Как отмечает В.А. Мильчина, ‘Барант был одним из редких собеседников А.С. Пушкина, склонных внимательно прислушиваться к его рассуждениям об угрозе, которую таит в себе крестьянский бунт’ [45]. Тем более что в бытность пребывания Баранта в России крестьянские восстания вспыхивали постоянно. Описывая на страницах своих ‘Заметок’ крестьянский бунт в Симбирске, посол отмечает: ‘Каждый год в разных частях империи происходят подобные вспышки, однако их всегда более или менее быстро и всегда с легкостью подавляют’. Однако, продолжает дипломат, ‘ни правительство, ни помещики об этом ничего не говорят, по крайней мере, иностранцам. Благодаря расстояниям и редкому населению, эти восстания всегда носят локальный и изолированный характер’ [46].
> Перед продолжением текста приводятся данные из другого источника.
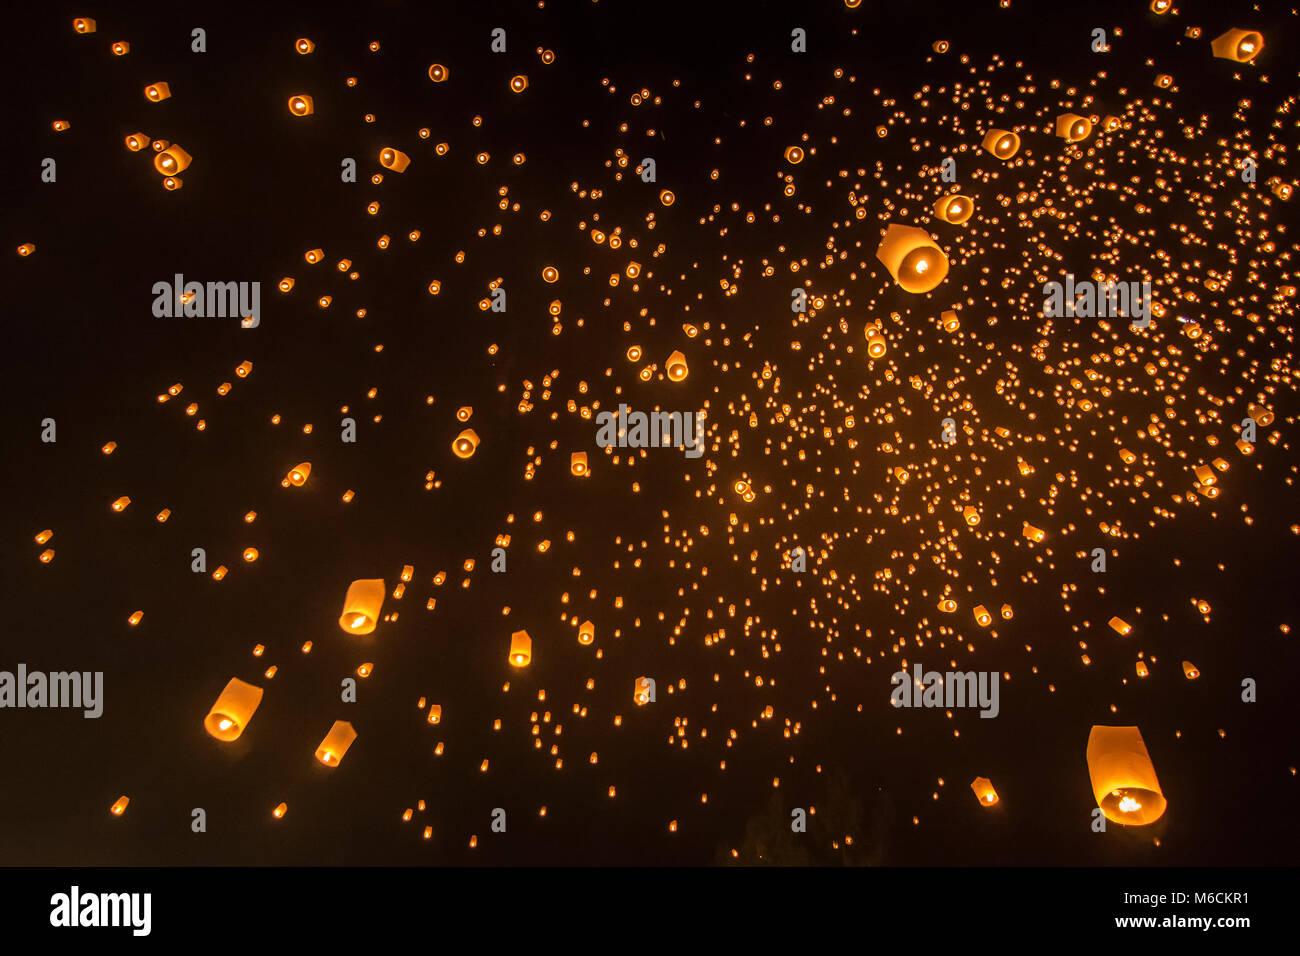 Un grand nombre de lanternes feu flotte sur ciel de nuit dans la région de Loy Krathong festival à Chiang Mai, Thaïlande. Banque D'Images

Социальная гармония между крепостными и помещиками, считал Барант, вряд ли была возможна из-за отсутствия у крестьян и в целом у низших сословий гражданских прав. Он писал: ‘Куда может пойти свободный крестьянин…? Допустим, что у него есть деньги, но закон не позволяет ему приобрести землю, поскольку он не дворянин. Может быть, он найдет себе применение в другой сфере? Но там есть свои работники, и в его услугах никто не нуждается. Он оказывается привязанным к земле и становится неотделимым от нее’ [47].
Именно в отсутствии соответствующей законодательной базы Барант усматривает одно из главных препятствий для развития в России среднего класса. Он отмечает, что богатые крестьяне, покупающие у помещика на год паспорт и занимающиеся в городе торгово-предпринимательской деятельностью, ‘владеют домами, шахтами, магазинами, но всегда от имени своего хозяина, поскольку они не могут быть собственниками’. Более того, пишет французский дипломат, эти крестьяне зачастую предпочитают оставаться под патронажем своего господина, не выкупая свободу: ‘Они полагают, что, став свободными, они не будут иметь никаких гарантий перед полицией, администрацией и судами. В России очень неразвито правосудие. Всякое предприятие, всякое незначительное дело там решается либо по протекции, либо за деньги, поэтому свобода для разбогатевшего крепостного будет скорее вредна, чем выгодна’ [48]. Что касается коррупции, то Барант специально останавливается на теме взяточничества чиновников. Взятки в России, по его словам, — явление до такой степени привычное, что когда судьям увеличили жалованье, они ровно во столько же раз увеличили размер взяток [49]. ‘Впрочем, — продолжает посол, — цена выкупа определяется хозяином и обыкновенно, чем богаче крестьянин, тем большую сумму выкупа с него требуют’. В качестве примера Барант приводит случай с крепостным графа Шереметьева, богатым столичным торговцем, который, узнав, что его барин проиграл крупную сумму денег, тут же предложил ему сто тысяч рублей в счет уплаты долга — как плату за свою свободу. Только благодаря этому обстоятельству крестьянин получил вольную, в другом случае, граф бы ему отказал или же заставил платить гораздо больше. ‘Между тем, — удивляется Барант, — граф Шереметьев является самым богатым землевладельцем во всей империи и известен своим мягким отношением к крестьянам’ [50].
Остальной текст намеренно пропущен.